ToxBuster is now actively moderating chat in select Ubisoft online games, helping to create a safer and more inclusive environment. We continue to advance our detection models by exploring how human moderators and AI can best work together, adding new tools and context to improve accuracy, and distinguishing between game-specific language and truly toxic content. For example, we're working to ensure that phrases like "go to the kitchen" are recognized as in-game strategy rather than inappropriate language. For more details, check out our recent publications here: [Ubisoft La Forge | Ubisoft]. Together, these efforts reflect our commitment to building safer, fairer gaming communities by combining cutting-edge AI with human expertise.

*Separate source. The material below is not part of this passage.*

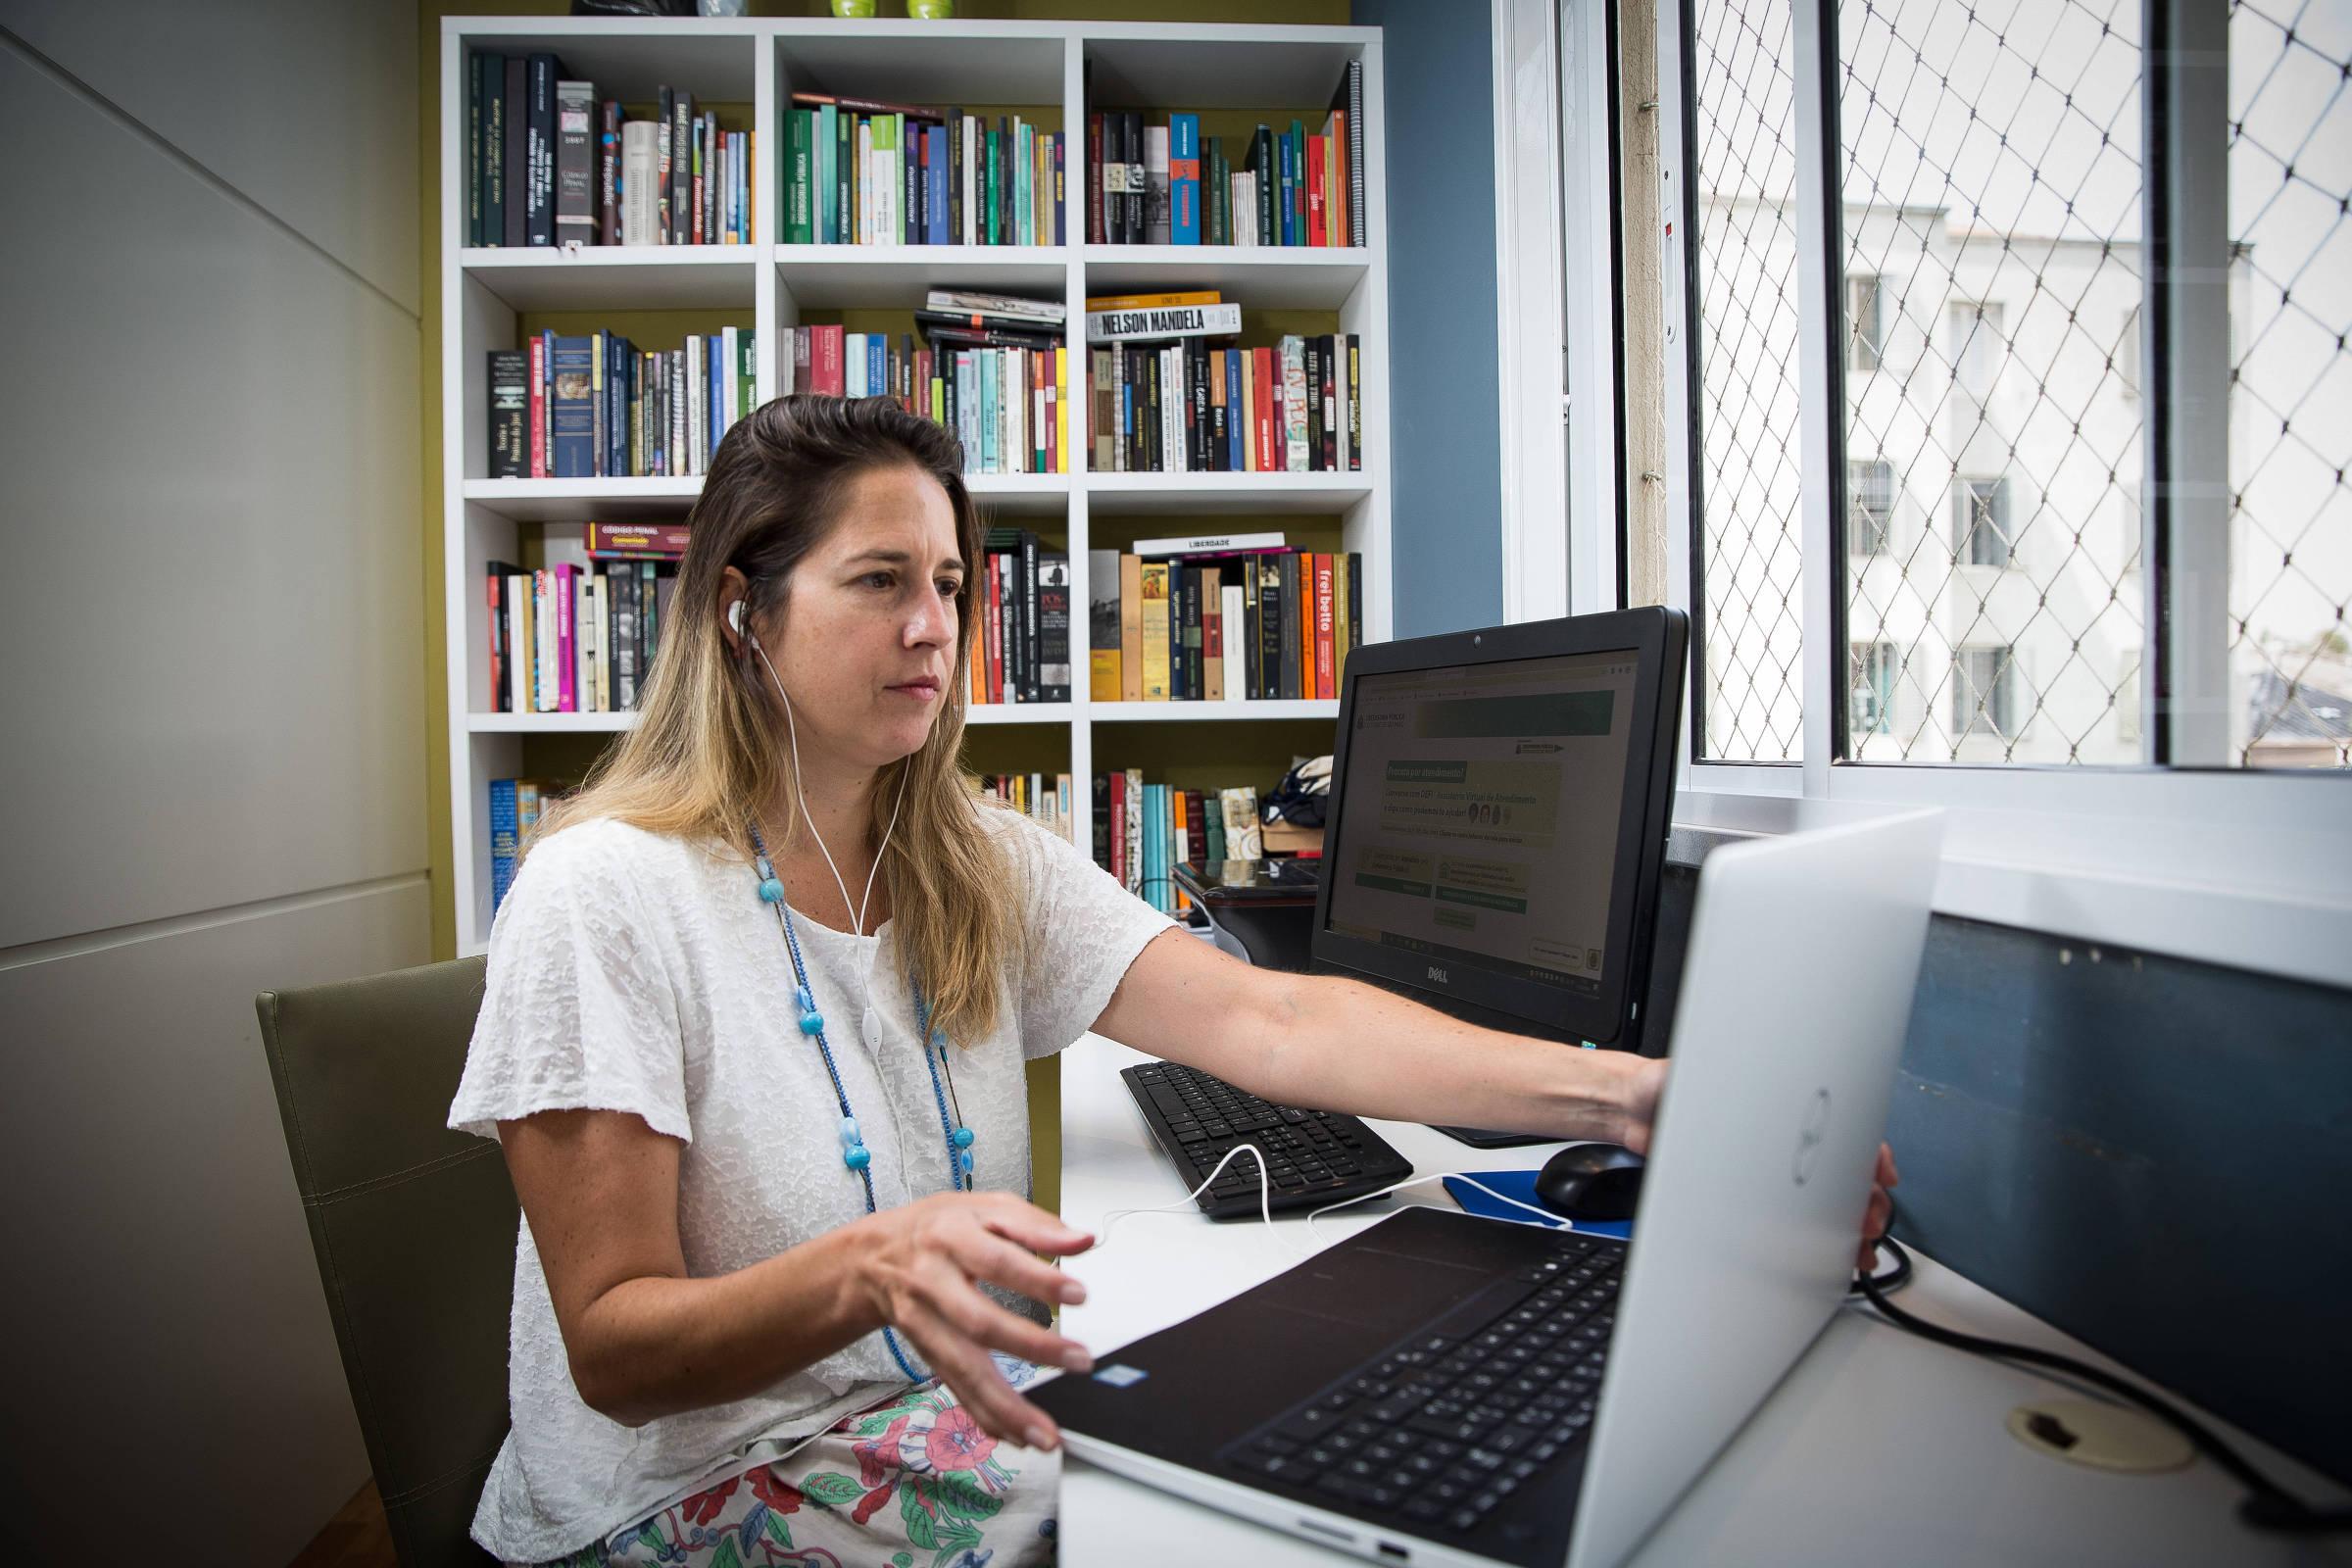 Sentada, a controladora-geral da Defensoria Pública de São Paulo Juliana Belloque, que participou da implantação de um sistema de atendimento com inteligência artificial na defensoria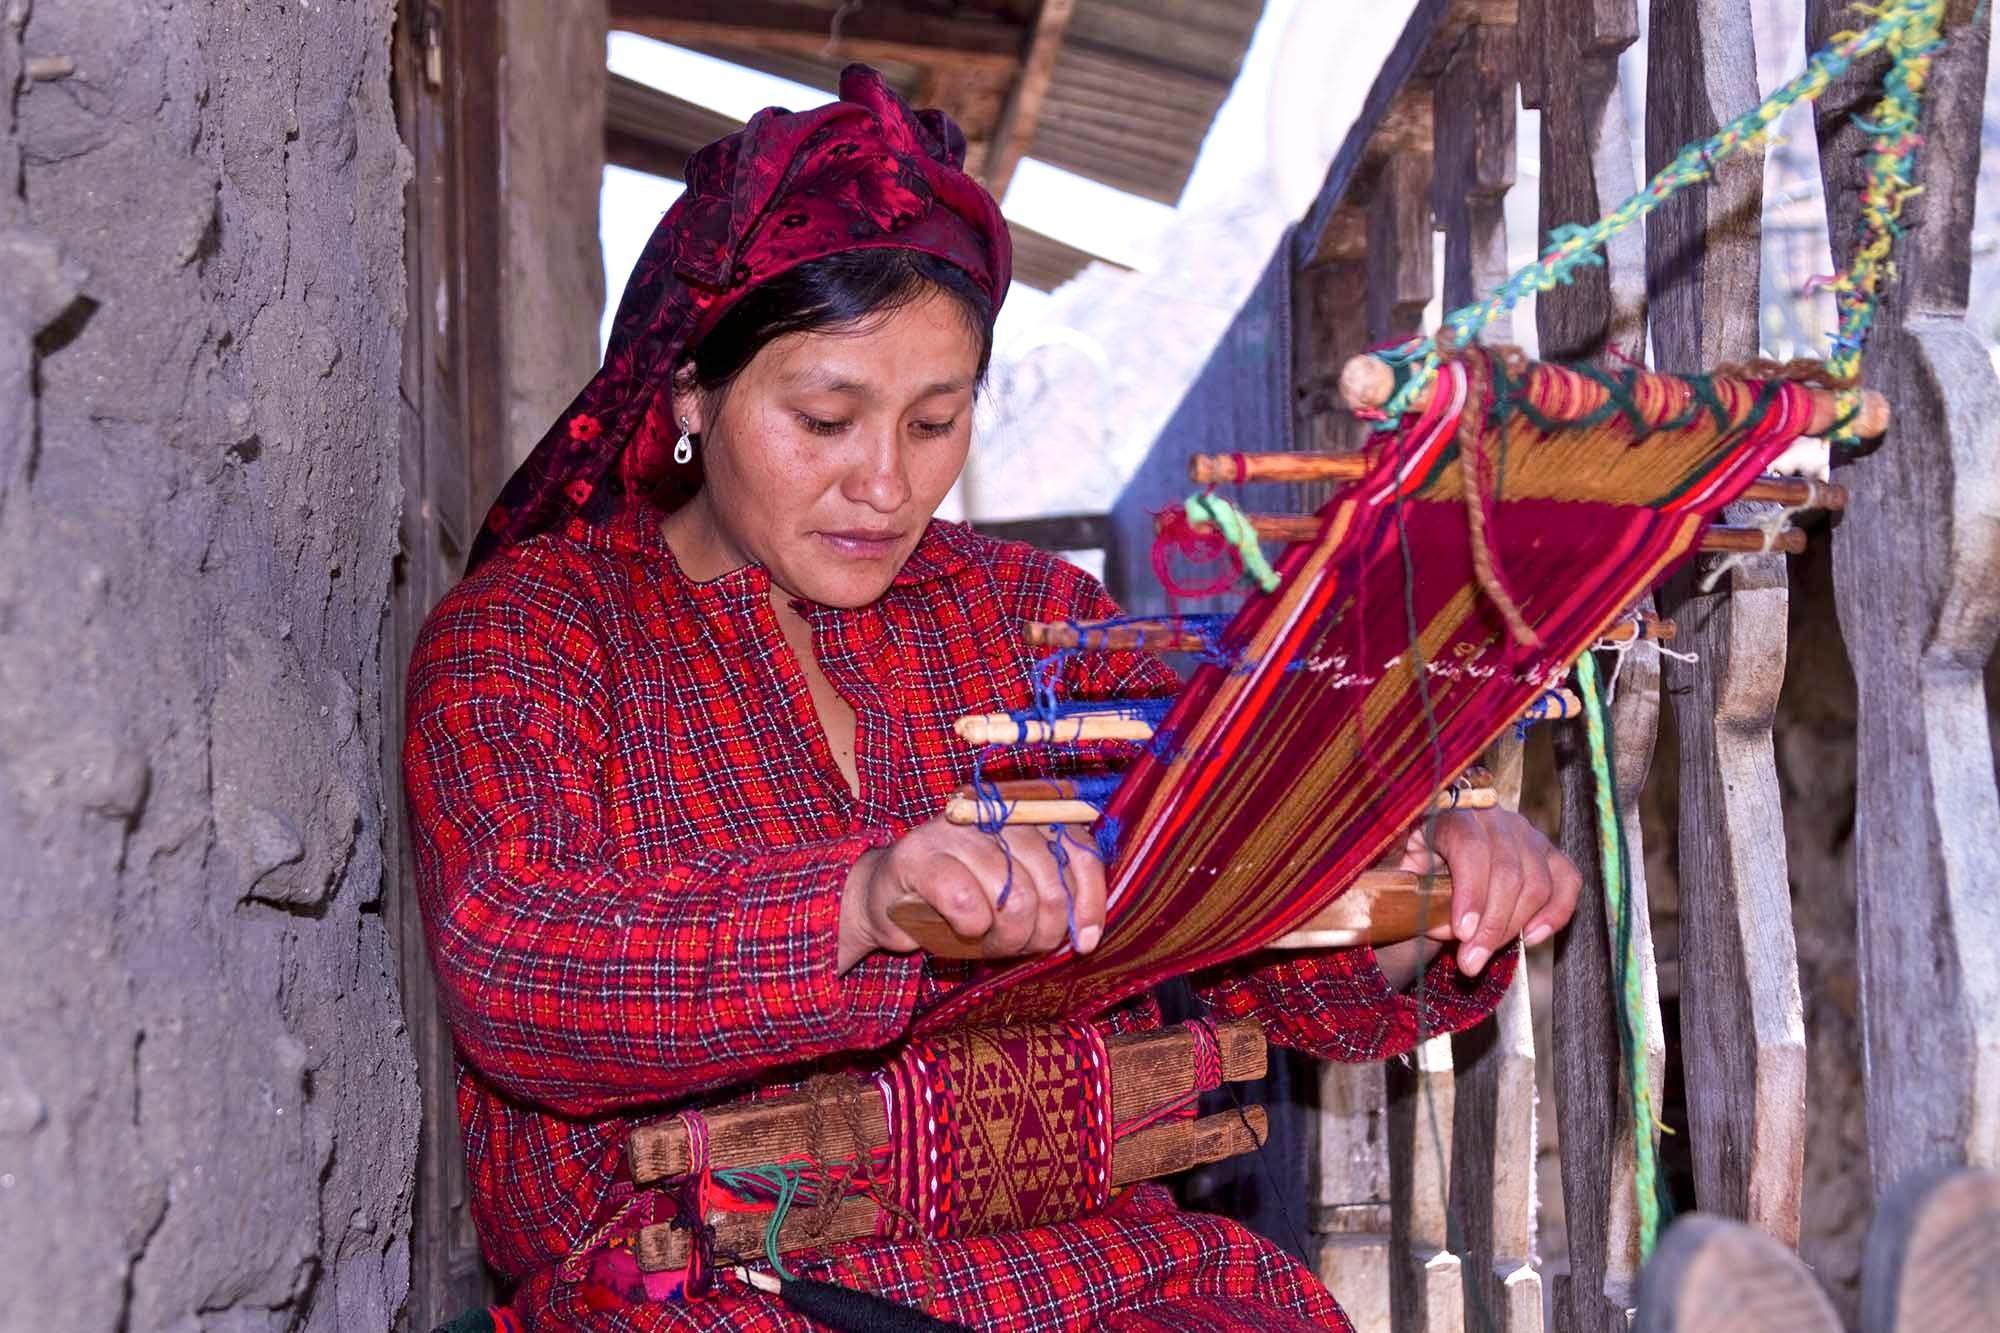 Sonia weaving a belt  wak'a

These projects, a testament to collaborative effort, were brought to fruition with the support of the MITACS fellowship, the guidance of academic advisors like Dr. Rabbany from McGill University, and Grégoire Winterstein from UQAM and the collective efforts of the teams at Ubisoft La Forge, Ubisoft Montréal User Research Lab, and Ubisoft Data Office.

References

ADL. (2022). Hate Is No Game: Hate and Harassment in Online Games 2022. https://www.adl.org/resources/report/hate-no-game-hate-and-harassment-online-games-2022

Devlin, J., Chang, M.-W., Lee, K., & Toutanova, K. (2019). BERT: Pre-training of Deep Bidirectional Transformers for Language Understanding. Proceedings of the 2019 Conference of the North, 4171-4186. https://doi.org/10.18653/v1/N19-1423

Gelman, A., & Hill, J. (2006). Data Analysis Using Regression and Multilevel/Hierarchical Models (1st ed.). Cambridge University Press. https://doi.org/10.1017/CBO9780511790942

Yang, Z., Maricar, Y., Davari, M., Grenon-Godbout, N., & Rabbany, R. (2023). Toxbuster: In-game chat toxicity buster with BERT. arXiv preprint arXiv:2305.12542.